First black presiding bishop installed at Episcopal Church USA
The Episcopal Church USA has installed Bishop Michael Curry of North Carolina as its first black presiding bishop as the new leader called for racial unity and overcoming economic inequalities.
"We are God's children, all of us. No matter our race, no matter our religion, no matter our class, our stripe, our type, we are God's children," said the 62-year-old Curry speaking in Washington National Cathedral.
During his installation address Nov. 1, Curry also pressed the 2 million-strong church to work for a more just society, Reuters news agency reports.
"We have been sent and called into this world not to settle for what is, but to dream and work for what shall be," he said.
A number of killings of unarmed black men at the hands of white police officers has triggered nationwide anger at injustice and cries for fairness in America's criminal justice system.
Tensions escalated further in June after nine black parishioners of the Emanuel African Methodist Episcopal Church in Charleston, South Carolina, were shot to death by a white gunman in a massacre.

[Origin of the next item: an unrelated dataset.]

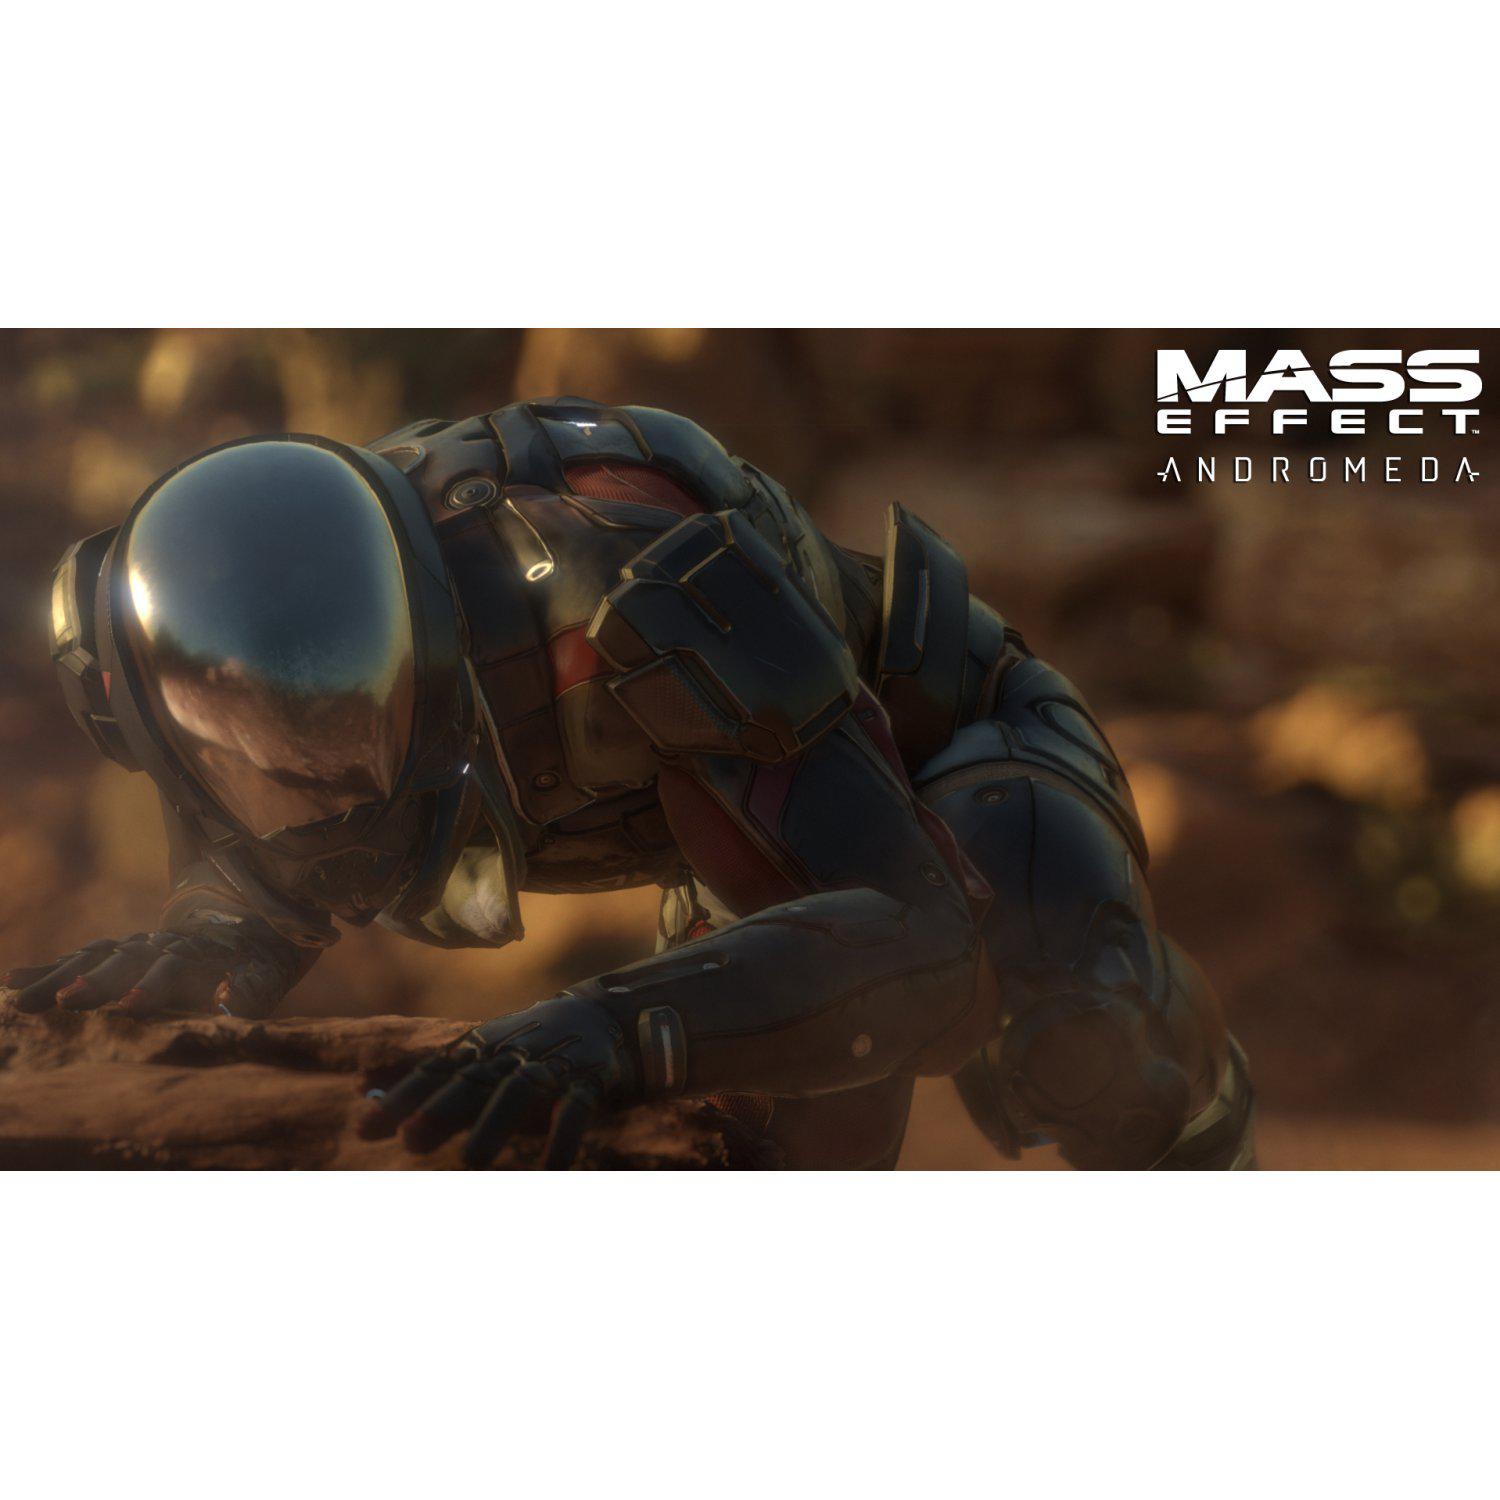 i paid for mass effect andromeda deluxe edition

The killings at AME Church, an independent black Protestant denomination rooted in the Methodist Church with an Episcopal form of governance, were said to have been racially motivated.
Curry succeeds Katharine Jefferts Schori, who installed him and was the first woman in the post and has served a nine-year term.
For some 15 years he was leader of the Diocese of North Carolina before he was elected as leader in June in Salt Lake City. Curry grew up in Buffalo, New York, and earned degrees from Hobart College in Geneva, New York, and Yale Divinity School.